Last Updated: 2025-06-26

Basic Information

• Recruitment Status: NOT_YET_RECRUITING
• Clinical Phase: PHASE1
• Total Enrollment: 25 participants
• Study Classification: INTERVENTIONAL
• Study Start Date: 2025-12-16
• Study Completion Date: 2028-07-01

Brief Summary

This is a phase 1 study to find the recommended dose and schedule of mezigdomide and talquetamab in relapsed and refractory multiple myeloma (RRMM), and to test the effects of the drugs on cancer. Cohort A will receive talquetamab + dexamethasone, then mezigdomide + talquetamab,+ dexamethasone. After Cohort A, Cohort B will evaluate mezigdomide + dexamethasone followed by step-up dosing of talquetamab (mezigdomide + talquetamab,+ dexamethasone).

Detailed Description

This phase 1 open-label study will determine the recommended dose and schedule of mezigdomide and talquetamab in triple class exposed relapsed and refractory multiple myeloma. This study aims to enroll 25 participants including Cohorts A and B, and will follow a dose escalation schedule. Treatment is until progression or withdrawal of consent. The U.S. Food and Drug Administration (FDA) has not approved the combination of drugs mezigdomide, talquetamab, and dexamethasone as treatment for any disease. The FDA has not approved mezigdomide as a treatment for any disease. The FDA has approved talquetamab for the treatment of relapsed refractory multiple myeloma in patients who have already received 4 prior lines of therapy. Dexamethasone is approved by the FDA to treat multiple diseases including multiple myeloma.

Conditions

Relapsed Refractory Multiple Myeloma (RRMM)

Study Design

• Allocation Method: NON_RANDOMIZED
• Intervention Model: SEQUENTIAL
• Primary Study Purpose: TREATMENT
• Blinding Strategy: NONE

Study Groups

Cohort A

Cycle 1: Talquetamab and dexamethasone at a pre-determined escalating dose of talquetamab.

Talquetamab is subcutaneously injected on Day 1, 4, 8, and 15 of the 28-day cycle. Dexamethasone is administered orally before receiving talquetamab (Days 1, 4, 8, 15).

Cycle 2+: Mezigdomide, talquetamab, and dexamethasone Talquetamab is administered on Day 1 and 15 of cycles 2-6 and on Day 1 of cycles 7-12.

Mezigdomide is administered orally once per day on days 1-21 of each 28-day cycle starting with cycle 2. This can continue until disease progression or withdrawal.
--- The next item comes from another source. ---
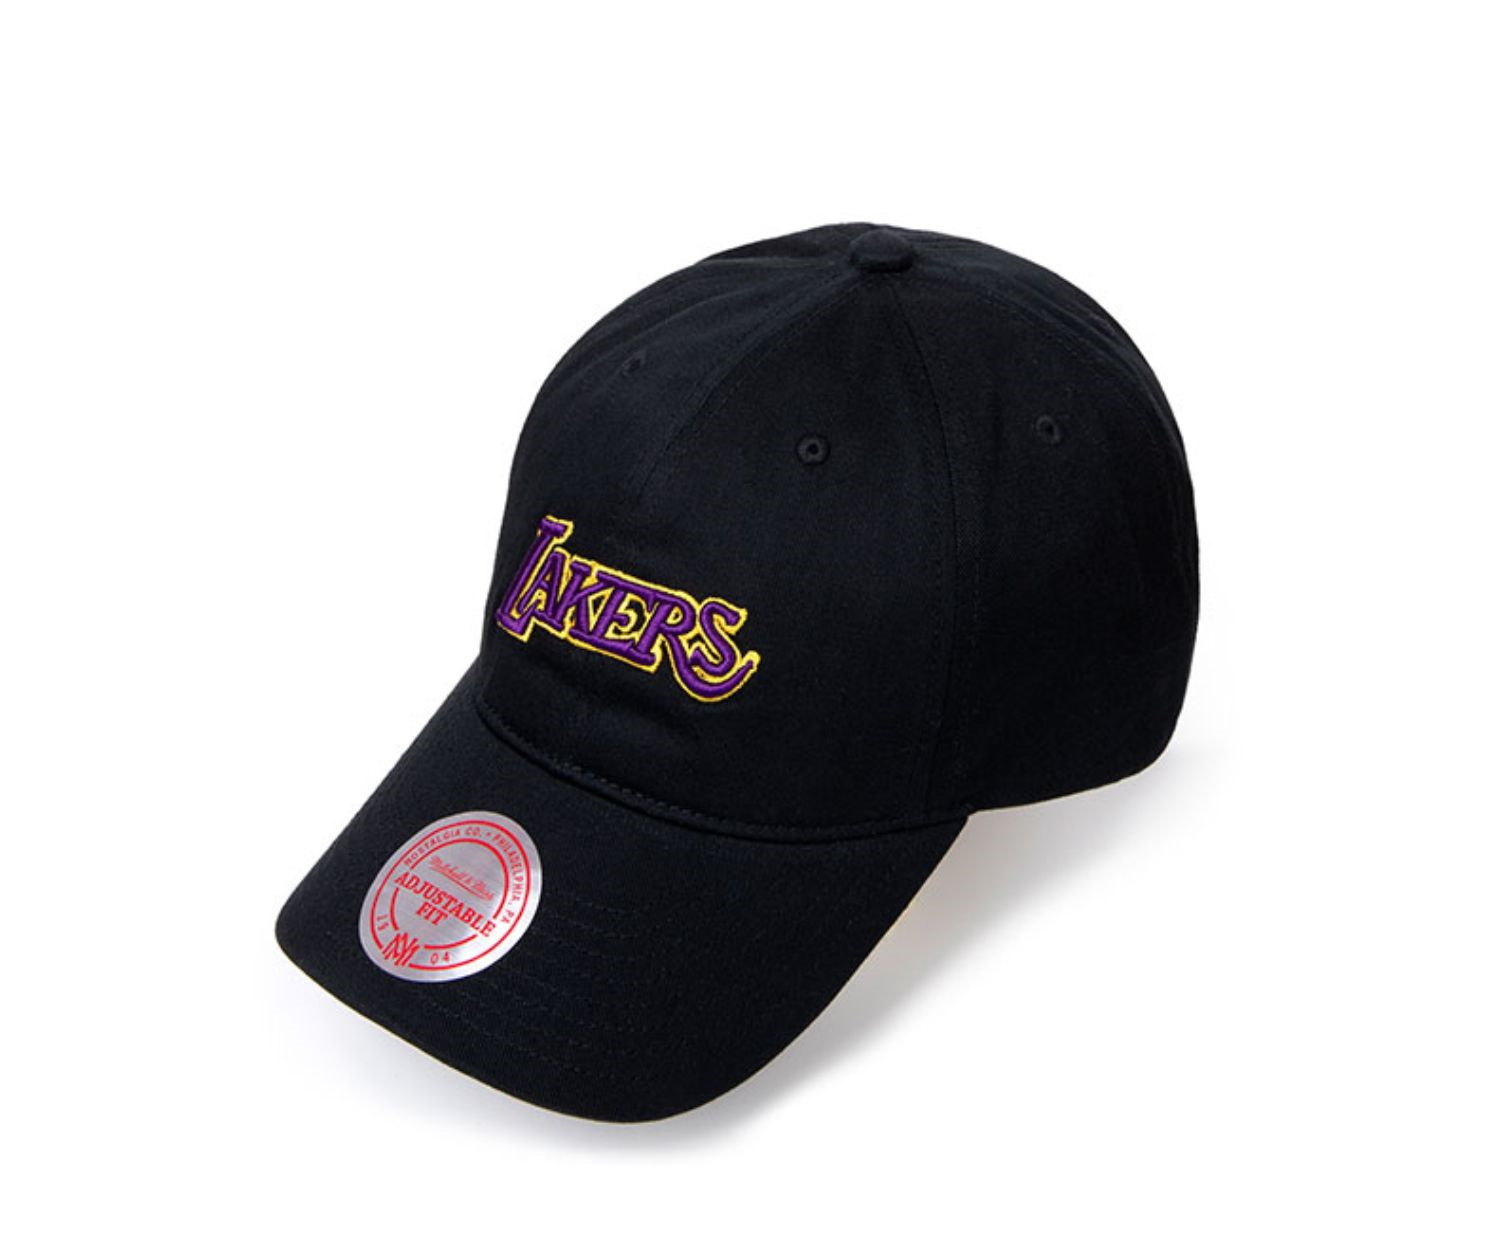 2020 AAPE x Mitchell Ness Lakers Black Cap

Dexamethasone is administered orally once per week starting on Day 1 of Cycle 2 through cycle 6; the weekly dose will be split into 2 days.

Group Type: EXPERIMENTAL

Talquetamab

Intervention Type: DRUG

Talquetamab is injected under the skin (subcutaneously injected) by trained medical staff. During first cycle of talquetamab, the dose of talquetamab will increase until the goal dose (treatment dose) is reached (pre-determined dose escalation).

Mezigdomide

Intervention Type: DRUG

Administered orally once per day (days 1-21 of applicable 28-day cycles; Days 1-7 of the 7-day Cohort B pre-phase cycle).

Dexamethasone

Intervention Type: DRUG

Administered orally once per day, at the schedule outlined in the Arm Descriptions.

Cohort B

Cohort B takes place after Cohort A. Pre-phase 7 day cycle: Mezigdomide is administered orally once per day on Days 1-7. Dexamethasone is administered orally on Days 1 and 2.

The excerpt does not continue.